将下面的代码放在正确的位置(在使用 page.goto 导航之前),它将停止加载图像、样式表、字体和脚本。

await page.setRequestInterception(true);
page.on('request', (request) => {
    if (['image', 'stylesheet', 'font', 'script'].indexOf(request.resourceType()) !== -1) {
        request.abort();
    } else {
        request.continue();
    }
});

@user3817605,我有完美的代码给你。 :)

/**
 * The methods `page.waitForNavigation` and `frame.waitForNavigation` wait for the page
 * event `domcontentloaded` at minimum. This function returns a promise that resolves as
 * soon as the specified page `event` happens.
 * 
 * @param {puppeteer.Page} page
 * @param {string} event Can be any event accepted by the method `page.on()`. E.g.: "requestfinished" or "framenavigated".
 * @param {number} [timeout] optional time to wait. If not specified, waits forever.
 */
function waitForEvent(page, event, timeout) {
  page.once(event, done);
  let fulfill, timeoutId = (typeof timeout === 'number' && timeout >= 0) ? setTimeout(done, timeout) : -1;
  return new Promise(resolve => fulfill = resolve);
  function done() {
    clearTimeout(timeoutId);
    fulfill();
  }
}

你要求一个函数只等待第一个响应,所以你像这样使用这个函数:

page.goto(<URL>); // use .catch(() => {}) if you kill the page too soon, to avoid throw errors on console
await waitForEvent(page, 'response'); // after this line here you alread have the html response received

这正是您所要求的。但请注意 "response received" 与 "complete html response received" 不同。第一个是响应的开始,最后一个是响应的结束。所以,也许您想使用事件 "requestfinished" 代替 "response"。事实上,您可以使用 puppeteer Page 接受的任何事件。他们是: 关闭、控制台、对话框、domcontentloaded、错误、frameattached、framedetached、framenavigated、加载、指标、pageerror、弹出窗口、请求、requestfailed、requestfinished、响应、workercreated、workerdestroyed。

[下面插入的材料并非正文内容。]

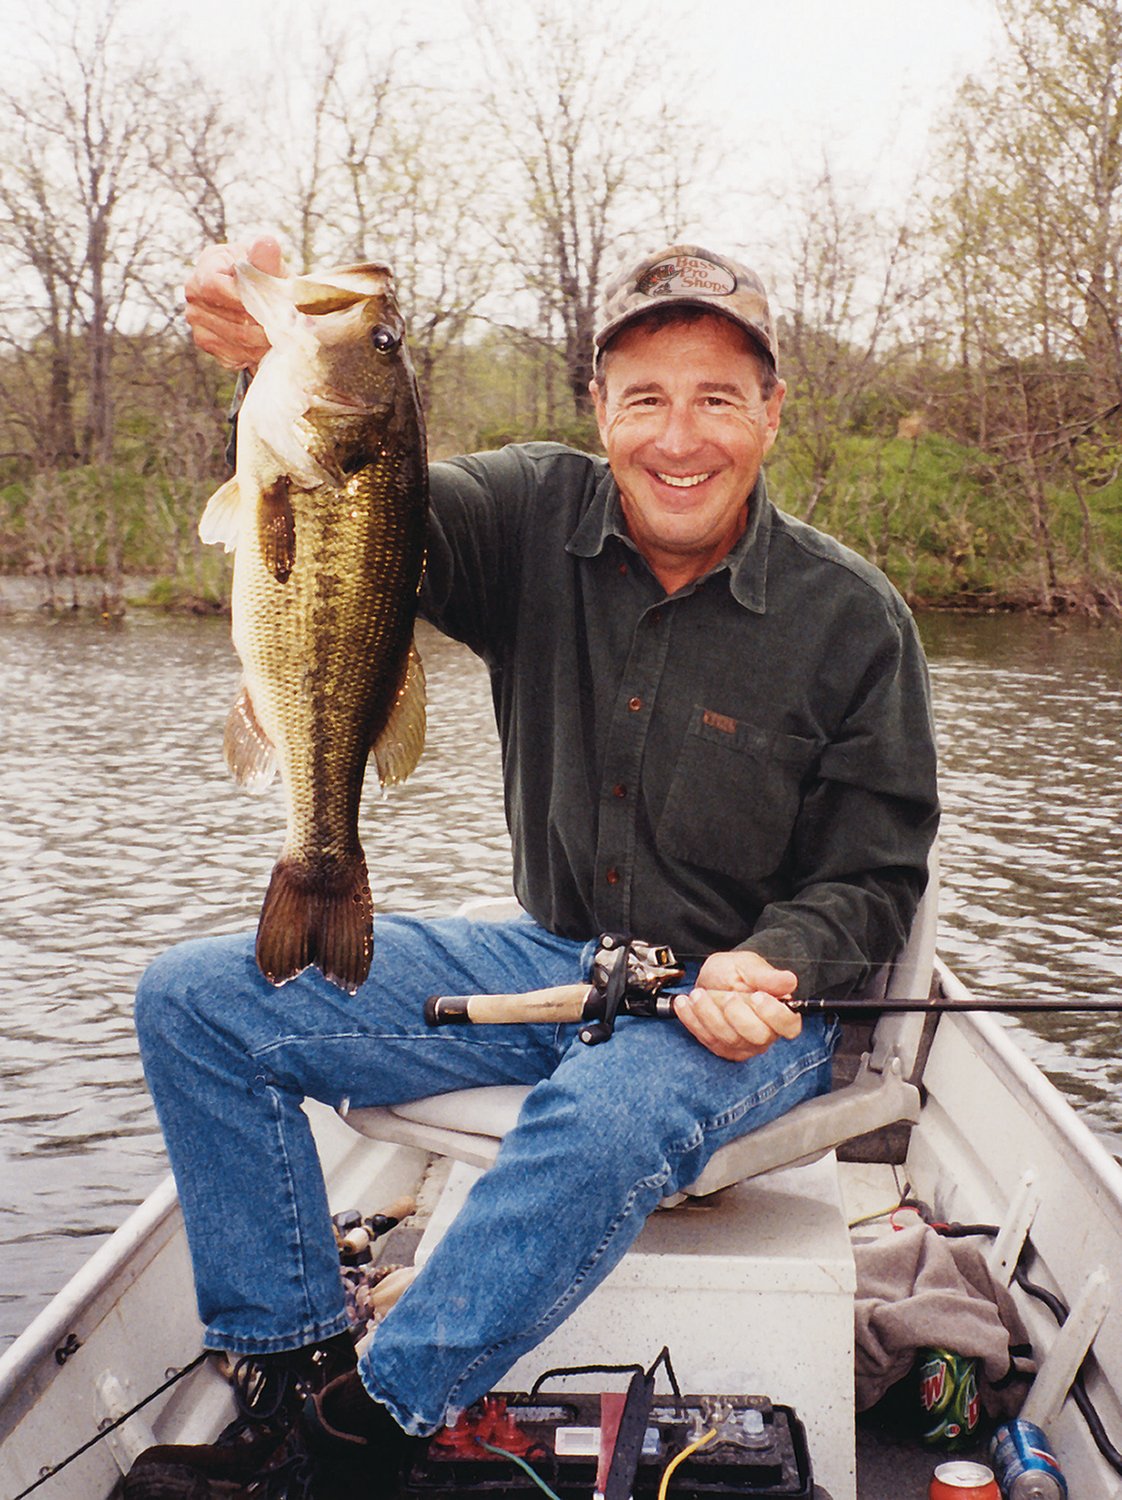 To kickstart its 50th Anniversary Celebration, Bass Pro Shops and Johnny Morris (above) have announced the grandest fishing tournament in history.

尝试使用这些:requestfinished 或 framenavigated。也许它们适合你。

为了帮助您决定哪一个最适合您,您可以像这样设置一个测试代码:

const puppeteer = require('puppeteer');

/**
 * The methods `page.waitForNavigation` and `frame.waitForNavigation` wait for the page
 * event `domcontentloaded` at minimum. This function returns a promise that resolves as
 * soon as the specified page `event` happens.
 * 
 * @param {puppeteer.Page} page
 * @param {string} event Can be any event accepted by the method `page.on()`. E.g.: "requestfinished" or "framenavigated".
 * @param {number} [timeout] optional time to wait. If not specified, waits forever.
 */
function waitForEvent(page, event, timeout) {
  page.once(event, done);
  let fulfill, timeoutId = (typeof timeout === 'number' && timeout >= 0) ? setTimeout(done, timeout) : -1;
  return new Promise(resolve => fulfill = resolve);
  function done() {
    clearTimeout(timeoutId);
    fulfill();
  }
}

(async () => {
  const browser = await puppeteer.launch();
  const page = await browser.newPage();
  const cdp = await page.target().createCDPSession();
  await cdp.send('Network.enable');
  await cdp.send('Page.enable');
  const t0 = Date.now();
  page.on('request', req => console.log(`> ${Date.now() - t0} request start: ${req.url()}`));
  page.on('response', req => console.log(`< ${Date.now() - t0} response: ${req.url()}`));
  page.on('requestfinished', req => console.log(`. ${Date.now() - t0} request finished: ${req.url()}`));
  page.on('requestfailed', req => console.log(`E ${Date.now() - t0} request failed: ${req.url()}`));

  page.goto('https://www.google.com').catch(() => { });
  await waitForEvent(page, 'requestfinished');
  console.log(`\nThe page was released after ${Date.now() - t0}ms\n`);
  await page.close();
  await browser.close();
})();

/* The output should be something like this:

> 2 request start: https://www.google.com/
< 355 response: https://www.google.com/
> 387 request start: https://www.google.com/tia/tia.png
> 387 request start: https://www.google.com/images/branding/googlelogo/1x/googlelogo_color_272x92dp.png
. 389 request finished: https://www.google.com/

The page was released after 389ms

*/

我可以看到另外两种方法来实现您想要的:使用 page.waitForResponsepage.waitForFunction。让我们看看两者。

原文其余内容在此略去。